Figure 5c. Fragmentation spectrum of the peptide eluting at 2.78 min.
This matches the predicted tryptic peptide FEGDTLVNR.
$$\text{Error (ppm)} = \frac{|1050.526 - 1050.521|}{1050.521} \times 10^{6} \approx \mathbf{4.7\ \text{ppm}}$$
A sub-5-ppm error is well within the spec of a high-resolution LC-MS, so the match is confident.
7. Percentage of sequence confirmed

Figure 6. Amino acid coverage map of eGFP from the BioAccord LC-MS peptide identification data.
From the coverage map: 88% of the eGFP sequence was identified by peptide mapping.
Homework: Waters Part IV — Oligomers
Using the known subunit masses (7FU = 340 kDa, 8FU = 400 kDa), I identified the following oligomeric states on the CDMS spectrum:

Figure 7. Mass spectrum of Keyhole Limpet Hemocyanin (KLH) acquired on the CDMS.

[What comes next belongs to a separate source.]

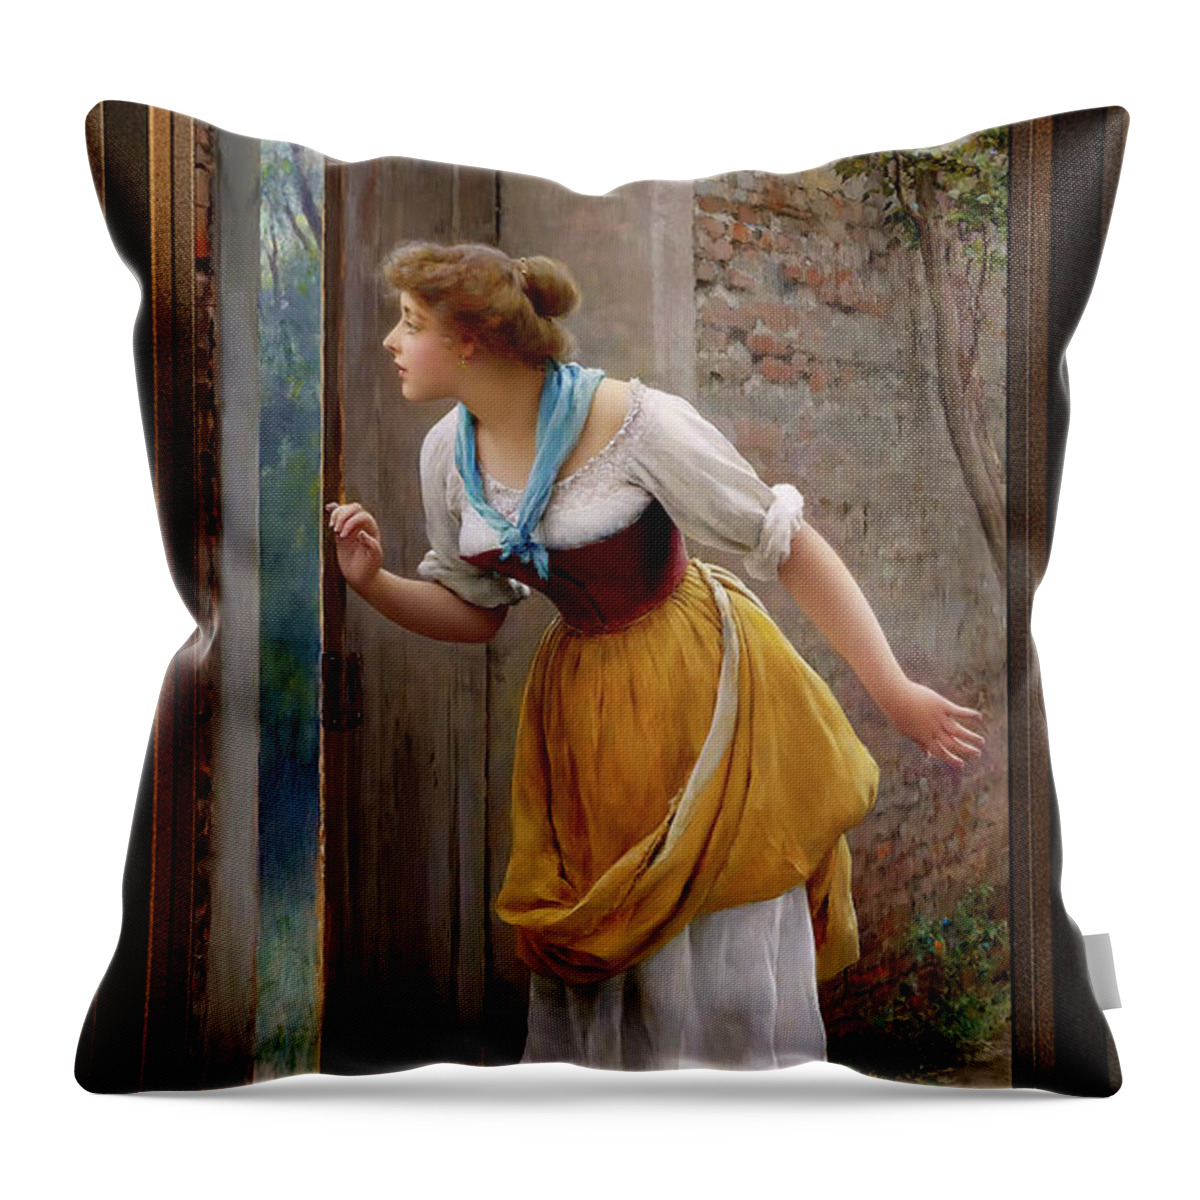 The Eavesdropper Throw Pillow featuring the painting The Eavesdropper by Eugen von Blaas Remastered Xzendor7 Classical Fine Art Reproductions by Xzendor7
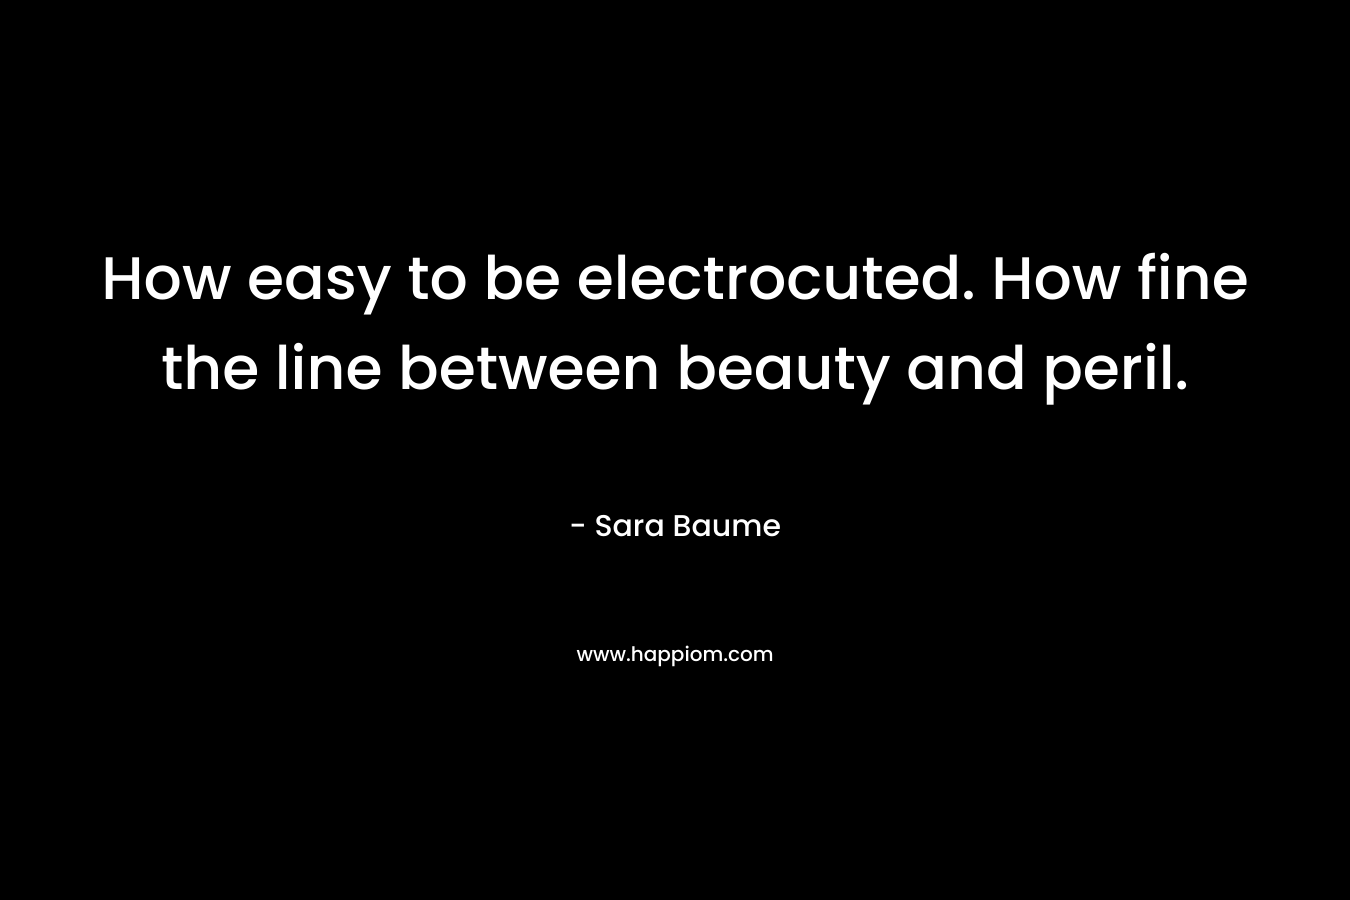 How easy to be electrocuted. How fine the line between beauty and peril.

| Oligomer | Subunits | Calculation | Peak on spectrum |
|---|---|---|---|
| 7FU Decamer | 10 × 340 kDa | 3.4 MDa | ~3.4 M Da |
| 8FU Decamer | 10 × 400 kDa | 4.0 MDa | ~4.0 M Da |
| 8FU Didecamer | 20 × 400 kDa | 8.0 MDa | ~8.0 M Da |
| 8FU 3-Decamer | 30 × 400 kDa | 12.0 MDa | ~12.0 M Da |
Homework: Waters Part V — Did I make GFP?
Final summary of the intact LC-MS measurement against theoretical values:
| Measurement | Theoretical | Measured | Result |
|---|---|---|---|
| Intact Protein Weight | 28.006 kDa | 27.983 kDa | ✅ Match (~815 ppm) |
| Sequence Coverage | 100% | 88% | ✅ High confidence |
| Peptide Mass $[M+H]^+$ | 1050.521 Da | 1050.526 Da | ✅ Very accurate (~4.7 ppm) |
Conclusion: the intact mass, the peptide-map coverage, and the MS/MS identification of FEGDTLVNR all agree with the expected eGFP standard — so yes, the protein is eGFP.